Scholars investigating the ancient scholia to Sophocles have long been limited to dated critical editions. The scholia to Ajax, Oedipus at Colonus and Philoctetes have received editions within the last century (edited respectively by G.A. Christodoulou [1977], V. de Marco [1952] and T. Janz [2004] in an unpublished Oxford D.Phil. thesis), while, for the other plays, the latest edition available has long been P.N. Papageorgiou's 1888 omnibus edition. In recent years X. has produced welcome new editions for Sophocles’ Electra (2010), Women of Trachis (2010) and Oedipus at Colonus (2018). To these we can now add this most recent volume on the scholia to Antigone. Thorough, well-documented and with a focused editorial philosophy, X.'s latest edition happily follows the path laid out by the previous three volumes.

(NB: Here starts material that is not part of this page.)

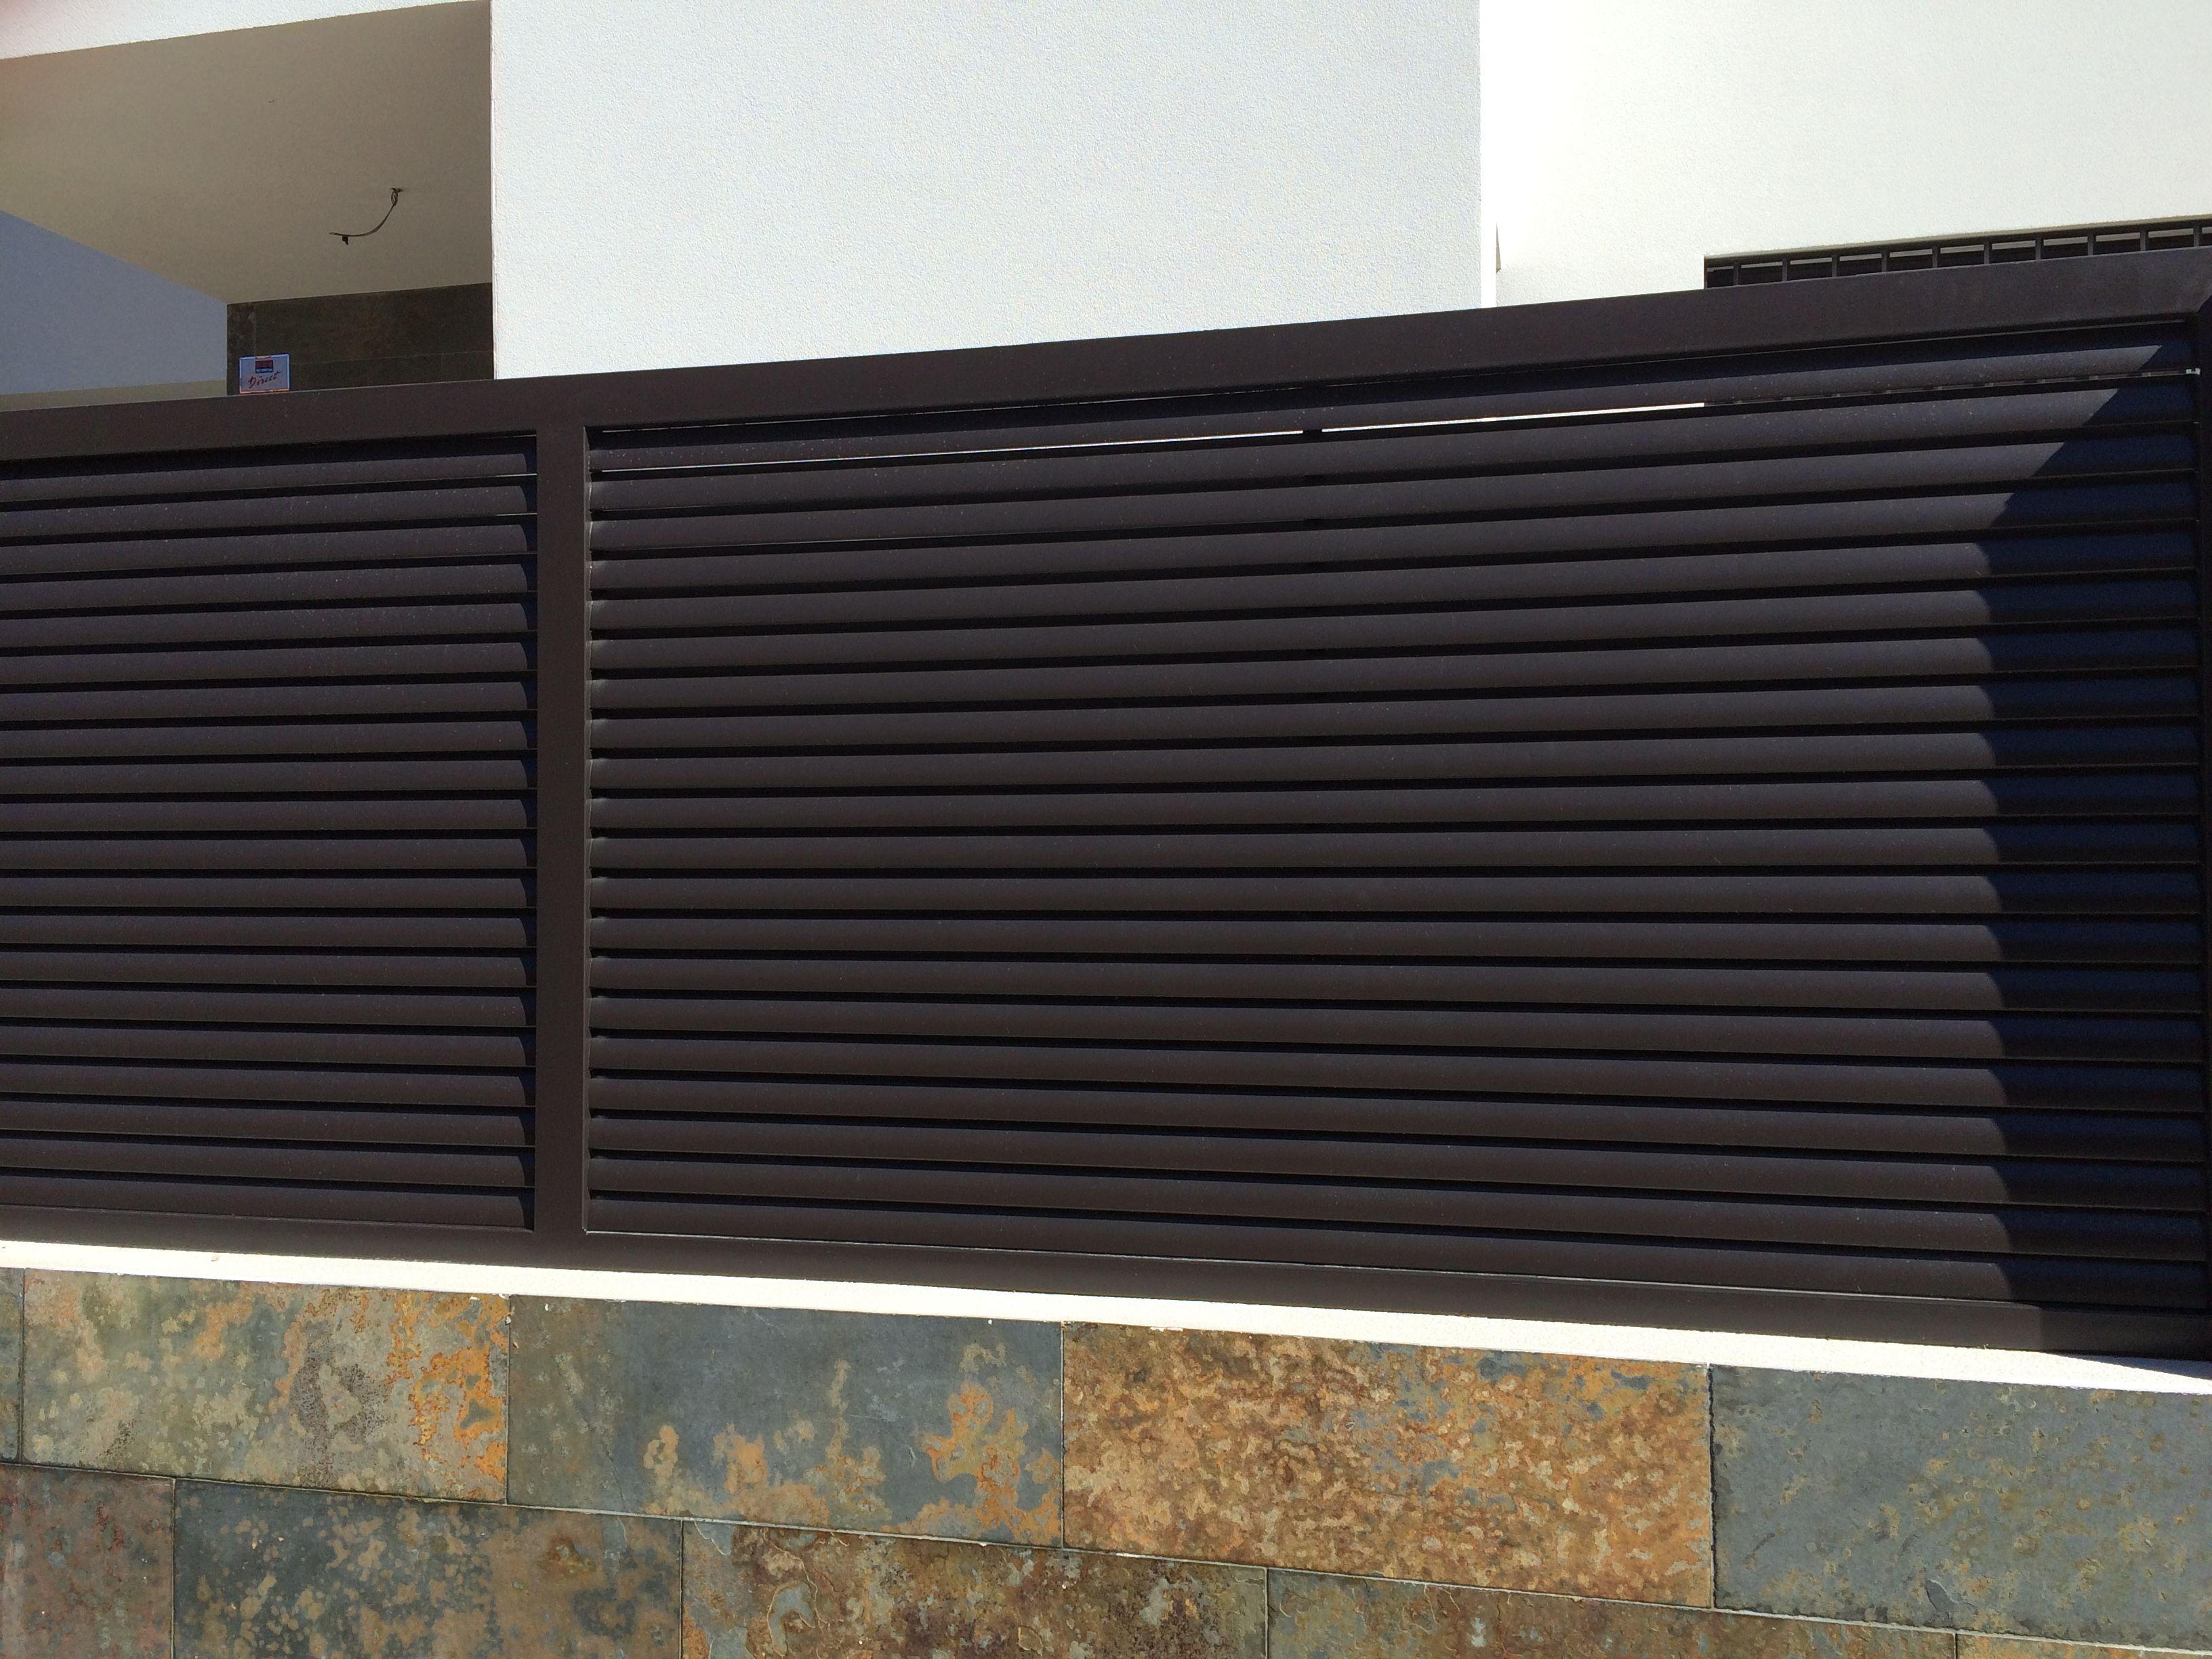 Celos a metalica moderna valla exterior metalica - Celosias de hierro ...

The text opens with a brief preface, where X. details his goals for this edition, namely, that he will ‘restore the scholia vetera to Antigone in their earliest recoverable version and corpus’ (p. v). Those who have not read X.'s earlier volumes will lack the full details of the methodology that undergirds this theoretical claim. This is unfortunate, as X. makes a powerful case in the introduction to his edition to the scholia to Electra for presenting a purely ‘Laurentian’ version, finally stating that to publish an edition with mixed versions would end in ‘creating a hybrid version and establishing a scholion which originated from nobody's conscious decision but the editor's; such an item never had any existence in the real world’ (2010, p. 22). A slightly more detailed introduction that elucidates the basics of his critical philosophy would be helpful for new readers or those interested in only the scholia in this volume. The omission is understandable, however, as it would be tedious to repeat this material in every new volume, with the introductions to the scholia to Women of Trachis and Oedipus at Colonus being similarly brief. Moreover, X. makes this omission clear in the preface and duly cites the relevant explanatory material from earlier volumes throughout this edition.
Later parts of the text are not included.